Tão logo descobriu que Noah não havia tomado o café da manhã e tampouco almoçado, Mary Anne não sossegou enquanto não o convenceu a fazer um lanche. Determinada a preparar uma refeição substanciosa, partiu para a cozinha, levando Maggie consigo. John Paul as seguiu, deixando Noah e o filho a sós.
— Sua mãe me disse que você prefere ser chamado de Erik — ele falou, sentindo-se estranhamente inquieto. Ainda não se recobrara da emoção profunda de haver segurado o filho nos braços pela primeira vez, após doze anos.
— Sim, senhor. — Erik se sentara no sofá, ao lado do pai.
— Vou levar algum tempo para absorver esse novo nome, mas acho que acabarei conseguindo.
— É como estou acostumado a ser tratado, senhor.
— Você me chamou de pai minutos atrás — Noah comentou delicadamente.
— Eu... eu sei. Mas talvez não devesse ter feito isso. — Os olhos do rapaz brilhavam angustiados. — Eu... eu disse a Me... Maggie que a chamaria pelo nome, e não de mãe.
— Entendo. Existe uma outra pessoa a quem você chama de mãe?
— Sim. Porém ela morreu há quatro meses. Seu nome era Diana.
— Ela era boa para você?
— Sim. Eu... eu a amava. Não tive coragem de deixá-la sozinha com aquele... Sozinha. — Erik baixou o olhar e ficou em silêncio por alguns instantes. — Provavelmente eu... eu feri os sentimentos de minha... Isto é, de Maggie.
— Você lhe explicou sobre sua outra -mãe?
— Não. Eu... — Ele cerrou os punhos, os ombros caídos revelando toda a tensão interior. — Eu não sabia como.
— Está tudo bem. Você poderá lhe contar quando se sentir pronto. E não há problema em chamá-la de Maggie, assim como poderá me chamar de Noah, se quiser.

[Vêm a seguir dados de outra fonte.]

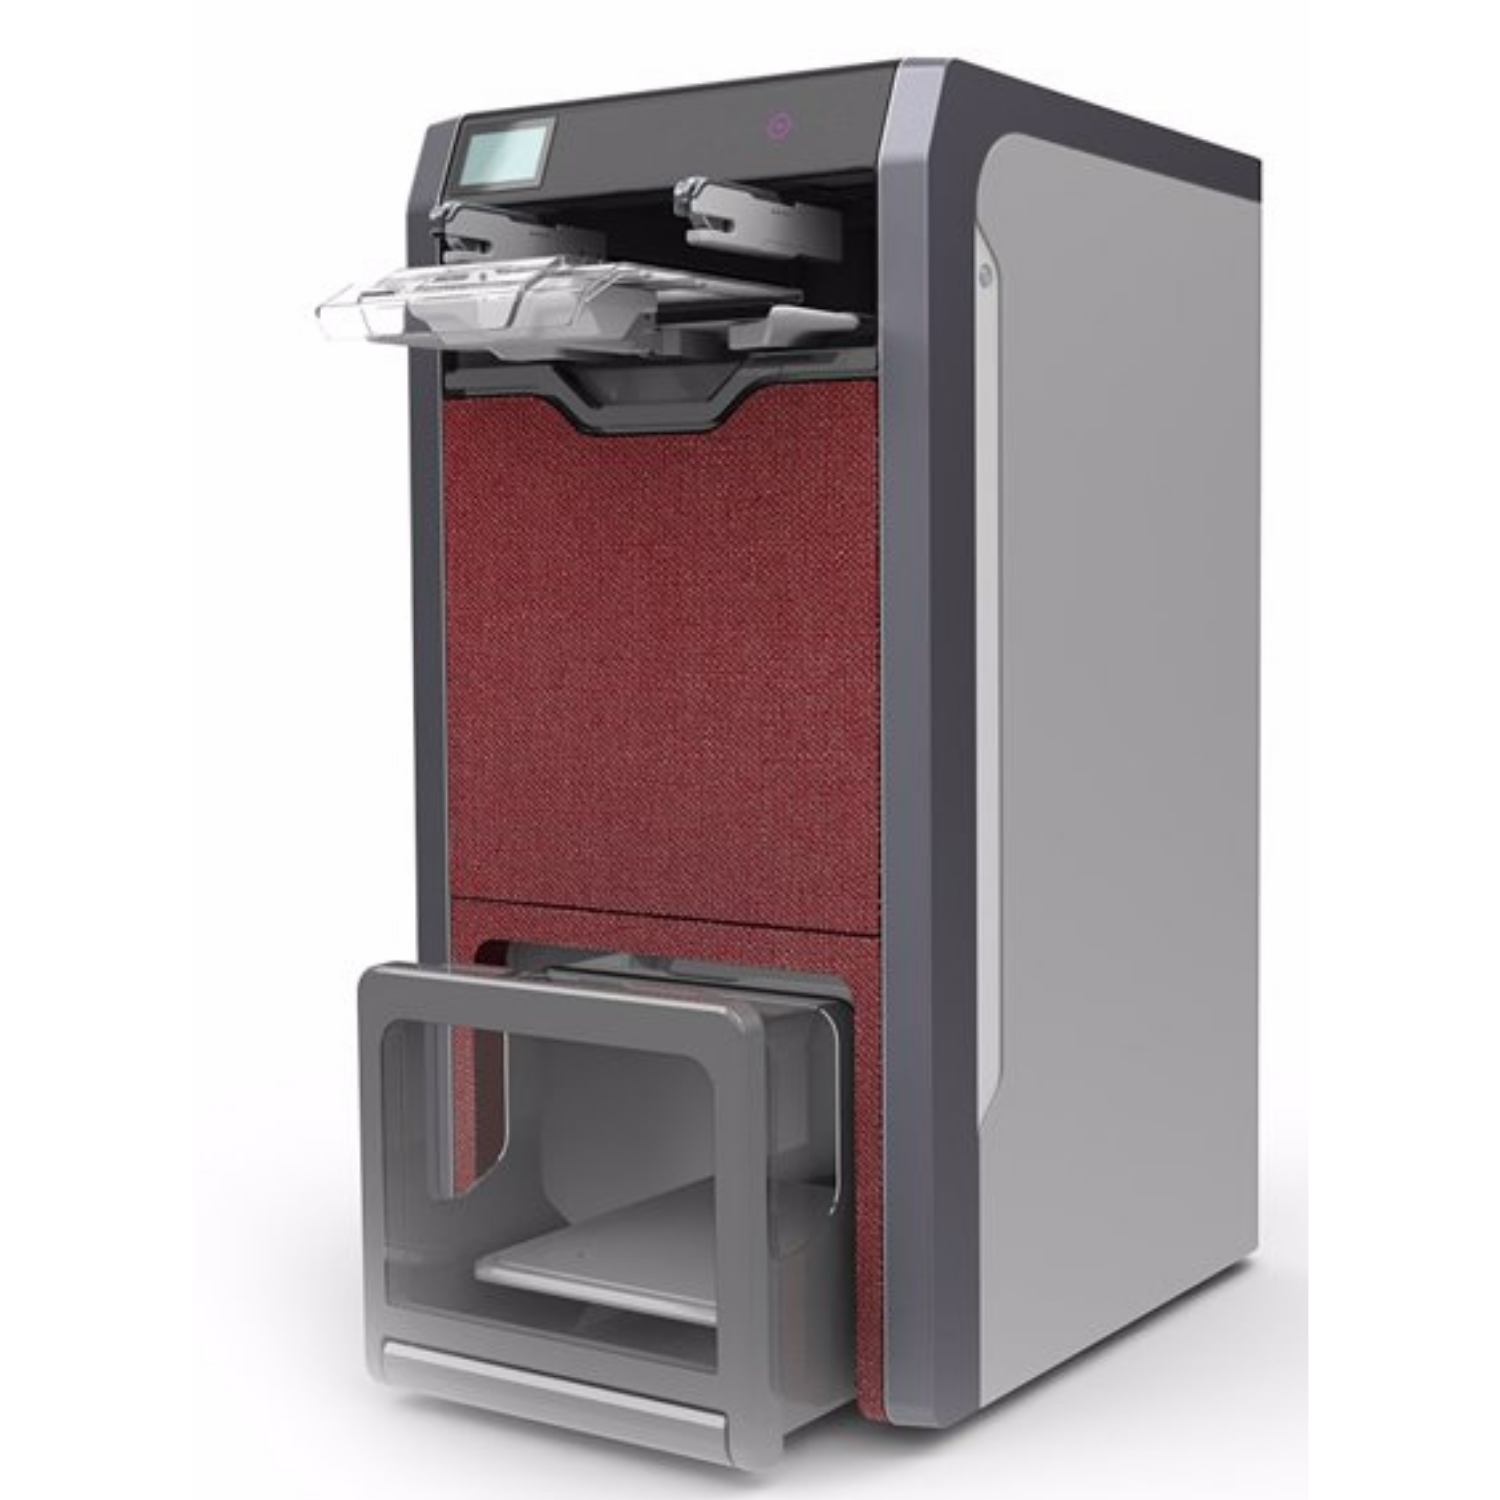 FoldiMate aims to takes the drudgery out of folding laundry - The Gadgeteer

— Nunca chamei ao outro de pai — Erik murmurou com uma ferocidade tal, que Noah se sentiu impressionado.
— Quem? Você está falando sobre o homem que o seqüestrou?

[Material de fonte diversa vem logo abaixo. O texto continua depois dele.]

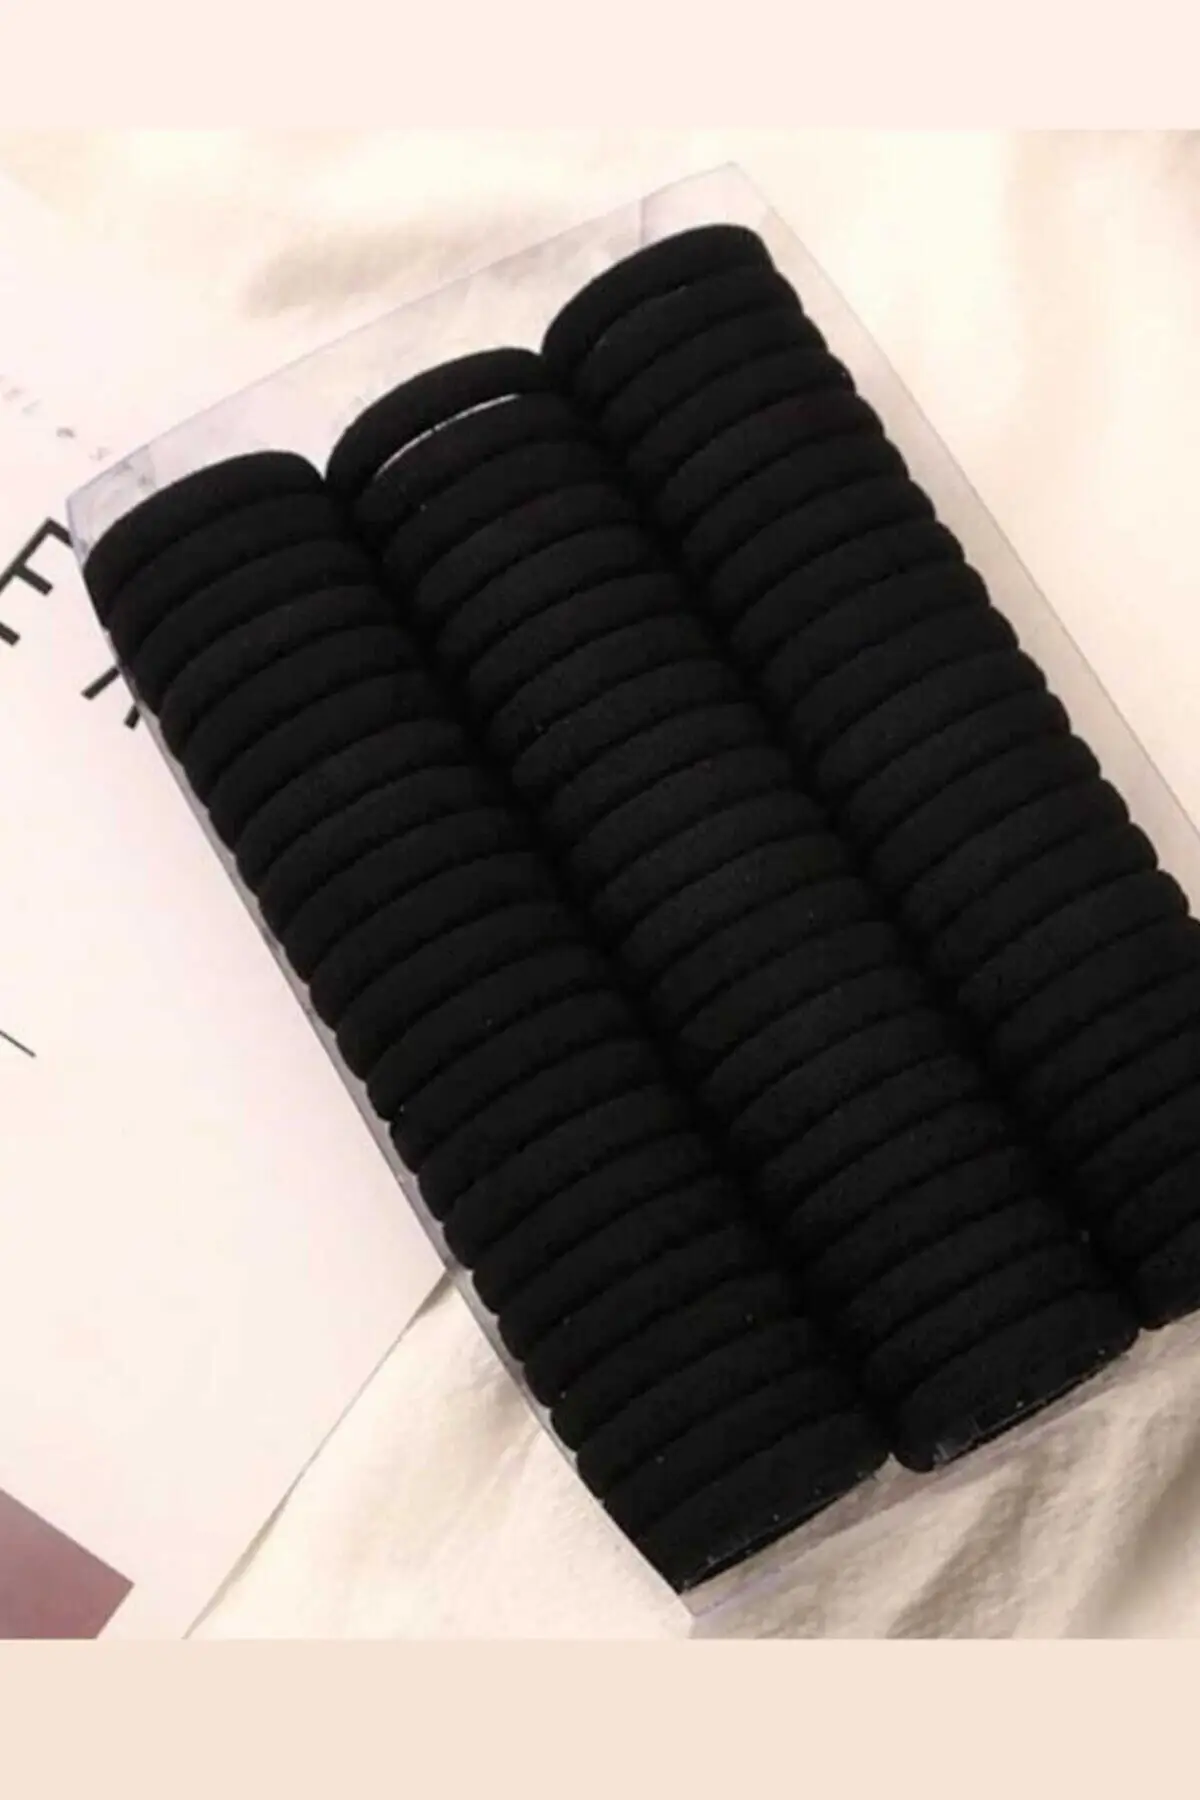 100 Pieces Boxed Rubber Black Buckle Set Fast Delivery

— Sim. Nunca o chamei de pai. Nunca.
— Está tudo bem, filho. — Noah estendeu a mão e o tocou no ombro de leve. Sentindo-o ficar rígido, rompeu o contato imediatamente.
Erik o estava observando atentamente.
— Talvez fosse melhor eu tratá-lo de Noah, certo?
— Certo.
— Quanto tempo você levou para chegar aqui?
— Duas semanas. Eu roubei nosso... o carro... dele, e tentei ir o mais longe possível. Tinha pouco dinheiro comigo e não podia gastá-lo em gasolina, assim, fui obrigado a abandonar o carro em Arbor e... — Ele parou de repente, percebendo que estava entrando em muitos detalhes. — Foi quando comecei a pedir carona na estrada. Fiquei sem-dinheiro em Mobile. Precisei andar um dia todo antes que um caminhoneiro me desse carona e me pagasse uma refeição. Ele estava indo para Tallahassee. De lá para cá, foi fácil.
Noah sabia que nada havia sido fácil na trajetória do filho. E doía-lhe a alma pensar no que aquele rapazinho suportara. Não era à toa que estivesse à beira de um colapso nervoso. Já vira o mesmo desespero mudo, o mesmo esforço sobre-humano para manter o controle nos seus recrutas. O menino precisava de tempo para ordenar os pensamentos e aprender a conviver com as lembranças de quase uma vida inteirai de sofrimento. Não havia a menor dúvida de que seu filho vivera num inferno. Oh Deus, que tipo de canalha mantivera Erik sob seu poder durante todos aqueles anos? Ainda que fosse a última coisa que fizesse, encontraria o criminoso e o faria desejar nunca ter nascido.
— Você sempre foi um SEAL? — Erik perguntou de súbito.
— Desde quando você era apenas um bebê.
— Em Michigan havia um velho que morava mais ou menos perto de nós. Ele tinha servido na Marinha e lutado no Vietnã. Às vezes, falava sobre a guerra e sobre os SEALs.
— Meu chefe esteve no Vietnã também. E tem muitas histórias para contar.
— Histórias verdadeiras?
— Sim.
— Os SEALs são mesmo treinados para m***r um homem com as mãos nuas?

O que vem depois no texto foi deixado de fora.